Рассказы Доры увлекали, виделась совершенно иная жизнь.

– Что же дальше, дорогая Дора?

– Я снова была Двойрой, взяли гримершей на киностудию. Что осталось во мне от концлагеря и публичного дома? – Когда на площади Узварас вешали наци, утром смешала двойной «поцелуй ангела». Достала шляпку с пером, надела выходные фельдиперсовые чулки на красных подвязках. Толпа была огромная. Ждала, кто-нибудь закричит, проклянет. Молча смотрели и тихо ушли. Заперлась в коммунальной комнатушке и, ужаснувшись двум прожитым «у них» годам, и виденной виселицей, напилась в одиночку. (В 1945 году в Риге проходил суд над военными преступниками. Два высших офицера были публично казнены на Узварас – площади Победы).

– Помнишь ли лагерь немецких военнопленных? Я была там года через два после войны. Случай помог, снимали на студии о войне. Нужен был открытый генеральский автомобиль, настоящий. В грандиозном трофейном «хорьхе» ездил комендант лагеря. Он сам пригнал сверкающий лимузин под деревья киностудии, и я залюбовалась: сиденья светло-малиновой тисненой кожи, хром, медь блистает. Говорили о чем-то и чувствую мой бюст его впечатлил. Проехали бесшумно и плавно в «хорьхе», я рискнула, спросила товарища подполковника о Курте.

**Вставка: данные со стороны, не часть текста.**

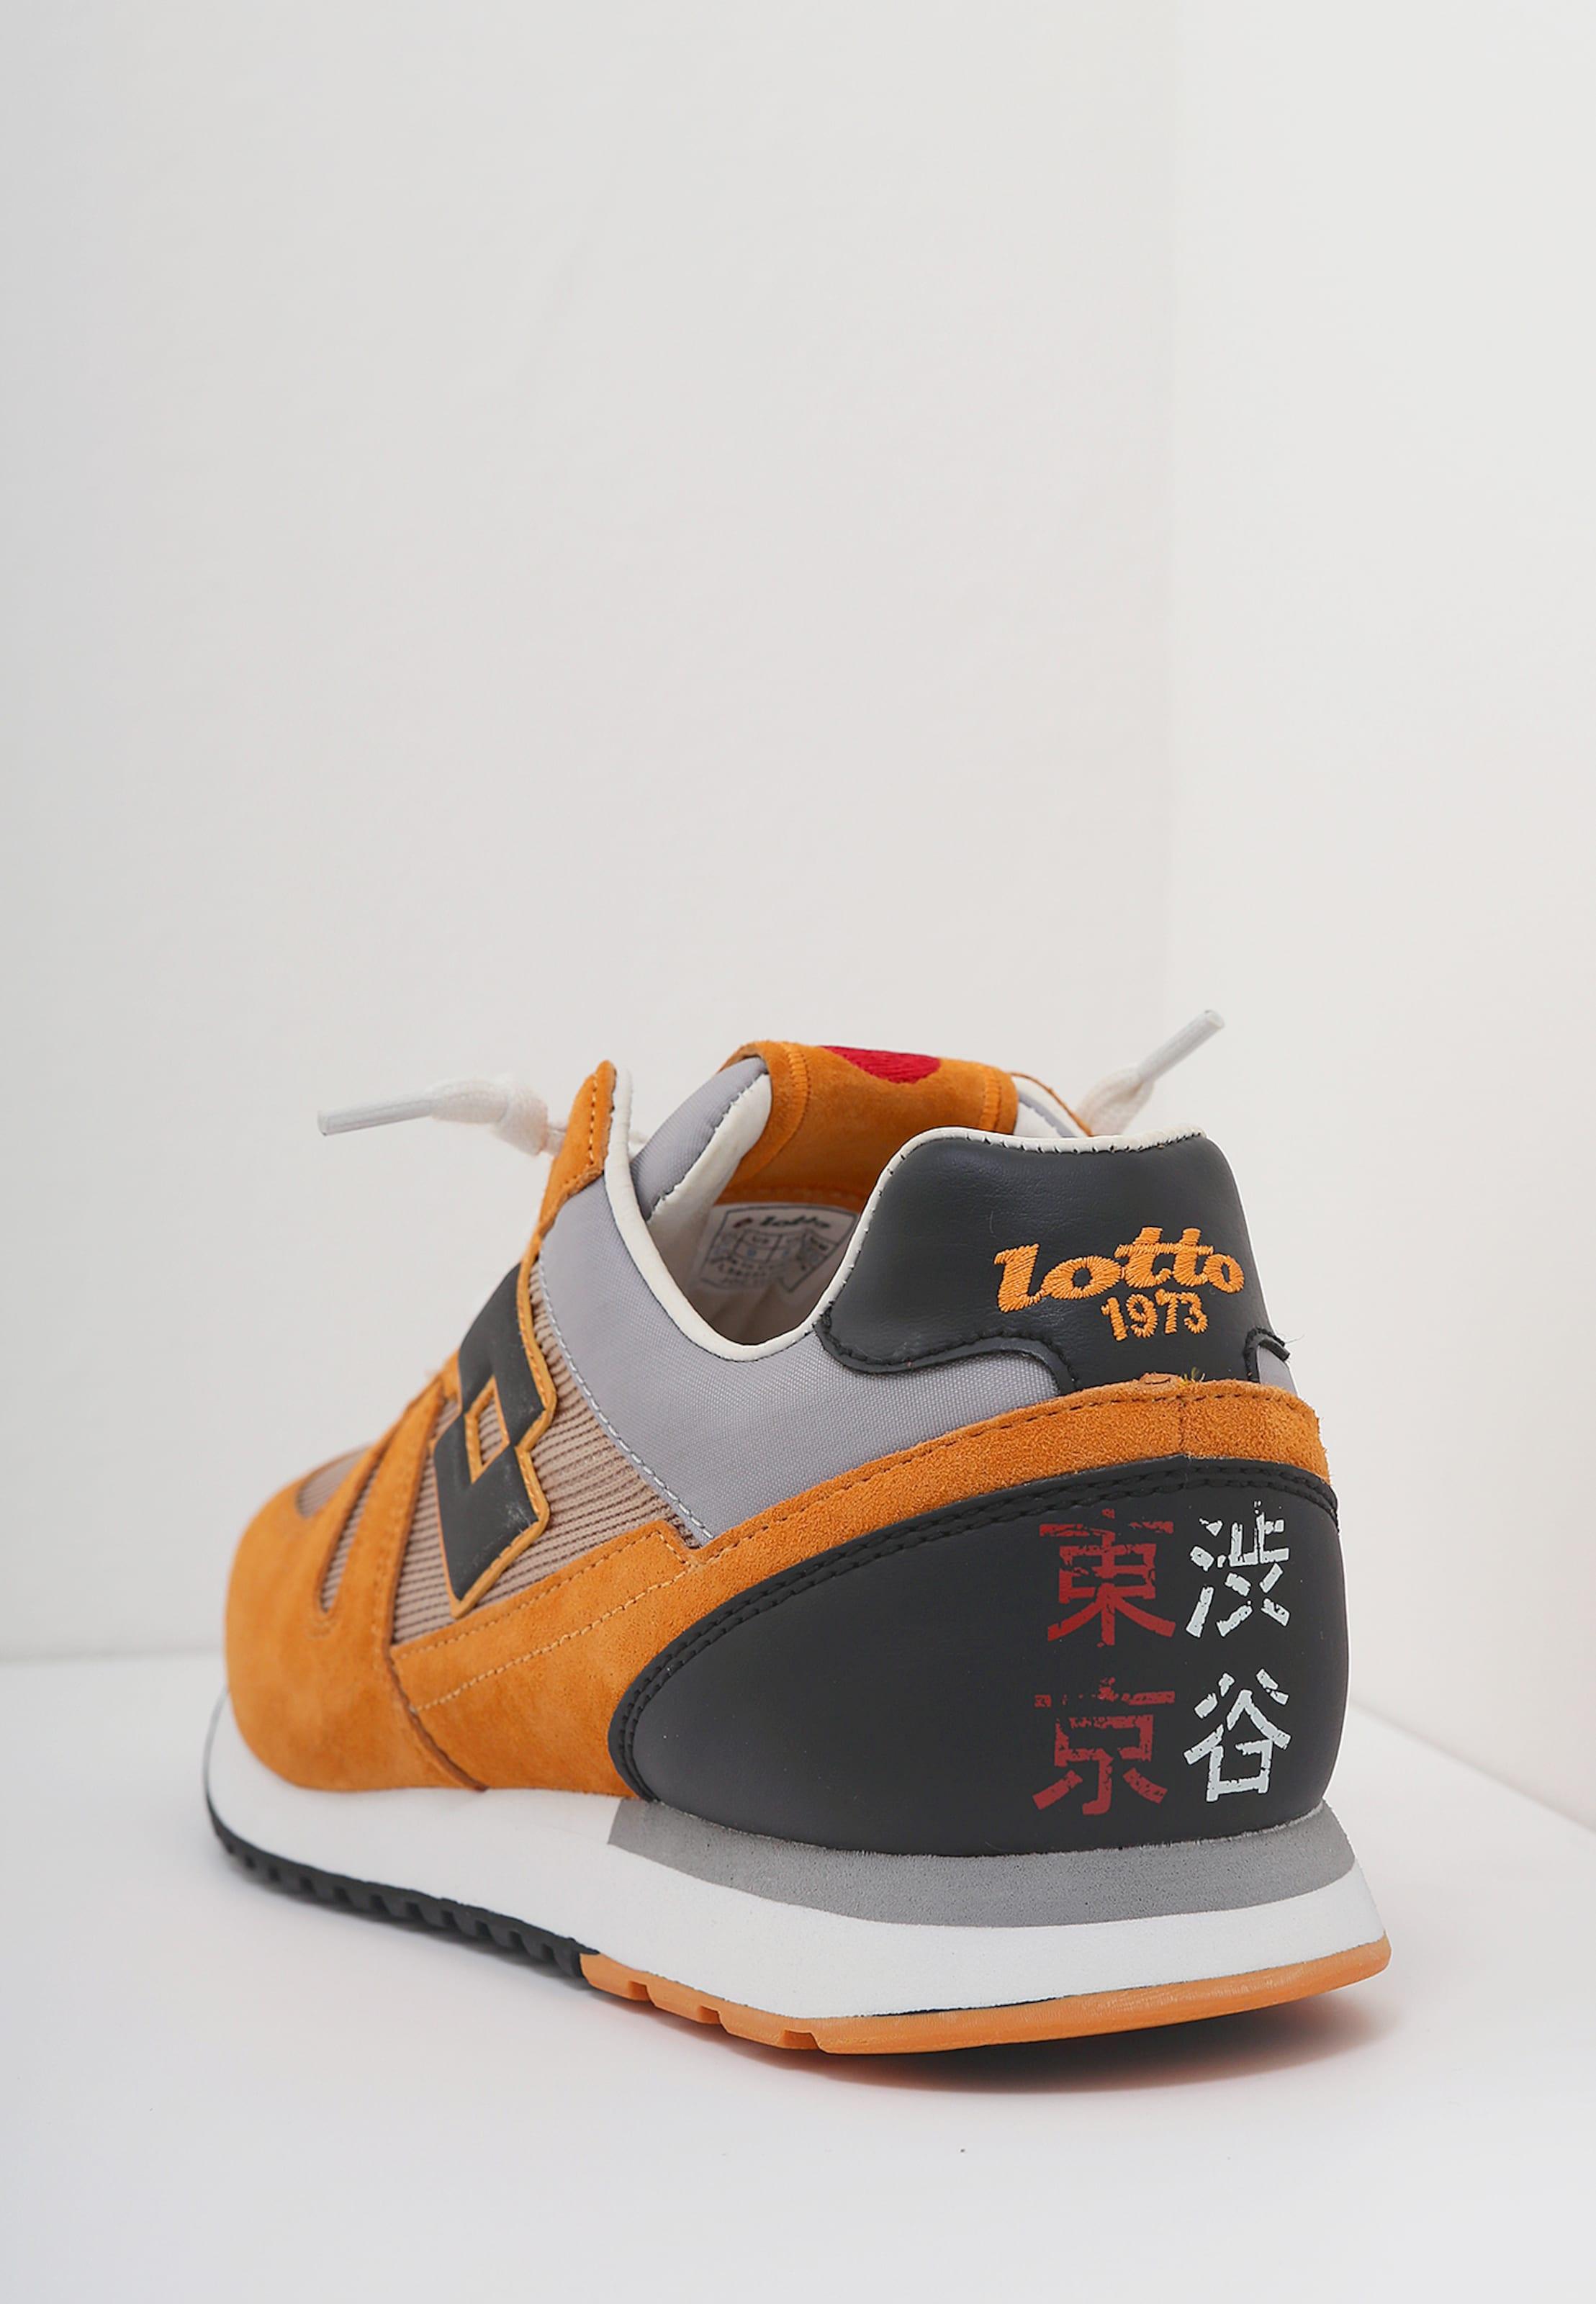 Sneaker Lotto 'tokyo Apricot Shibuya' In Leggenda HellgrauOrange 8n0wkOP

– Мне искать лагерника не по чину, даже для вас, Двойрочка. Но есть там общественники – новые маркситсты, агитируют своих за социалистическую Германию. Приходите, вас впустят.

В небольшой комнате пахло солдатчиной, трое пленных читали газету.

– Вы комитет «Новая Германия»? Не встречали Курта Валлнера?

– Фамилия не редкая. В каком он звании? – Обер-лейтенант, из Гамбурга.

Посовещались между собой. – Его могли произвести в капитаны.

Ждала с долгой надеждой в сердце. Вошел в штопаном мундире, коренастый. Твердый взгляд.

– Капитан барон Курт фон Валлнер. Не он. Я сквозь внезапные слезы:

– Как поживаете, барон, давно из Гамбурга?

– Уже восемь лет, с польской кампании… Из Гамбурга, не он.

– Нет ли вашего однофамильца?

– Не встречал, и благодарю вас, мадам.

– За что же?

– Вы ищете одного из нас.

Обморок и идиотизм войны: казармы, окопы, ненависть, «Лили Марлен» и даже не больно. Фанриха жаль, за что его так.

Года через два после смерти Сталина в Риге, казалось, стало легче дышать и говорить. Уплыли морем пленные немцы. Уезжали польские и датские евреи, спасшиеся в СССР.

– Мне бы вырваться в Бельгию будто в гости, остаться на Западе, искать Курта – вспоминала Дора те годы. Беги, Дво, беги! В активе два письма – приглашения от бывшей квартирной хозяйки, выдаваемой за сестру.

С такими тайнами я пошла в МГБ. Приняли сразу по звонку из проходной. Единственная контора, где обслуживали без очереди. Сидели двое в штатском: за столом напротив меня, и у окна.

– Вы обращались в бельгийское посольство?

– Решила с вами посоветоваться, а потом написать в Москву. – Штатские бегло переглянулись.

– Покажите пожалуйста ваш бельгийский паспорт. (Как это не к добру).

– Я не взяла… оставила дома. Прижала к груди сумку, они поняли, молчали будто дружелюбно. Сидевший за столом безотрывно глядел на сумку. С нажимом заговорил:

– Доставайте, Двойра Исааковна, доставайте.

Я отдала темно-синий паспорт. Больше часа сидела в пустом коридоре.

– Двойра Исааковна, – сказал штатский, бельгийский паспорт мы пока задержали. Есть же ваш паспорт СССР, осени сорок четвертого года. Вы тогда как из пены морской явились, упали с Луны? Живите спокойно и достойно в нашей стране. Живите тихо.

Пафосный лейтенант. Ночами я думала о собственной глупости. Но после лагеря и борделя власть для меня была там, где охрана, туда и пошла.

И ты не спала с Куртом? Качает лысеющей с макушки головой. Напевает в задумчивости: «Венн дие золдатен юбер дие штадт маршиерен, ёффен дие медхен дие фентсер унд тюрен. Лос, лос, лос! Когда солдаты маршируют через город, отворяют девушки окна и двери. Давай, шагай, шагай!» Старая солдатская песня.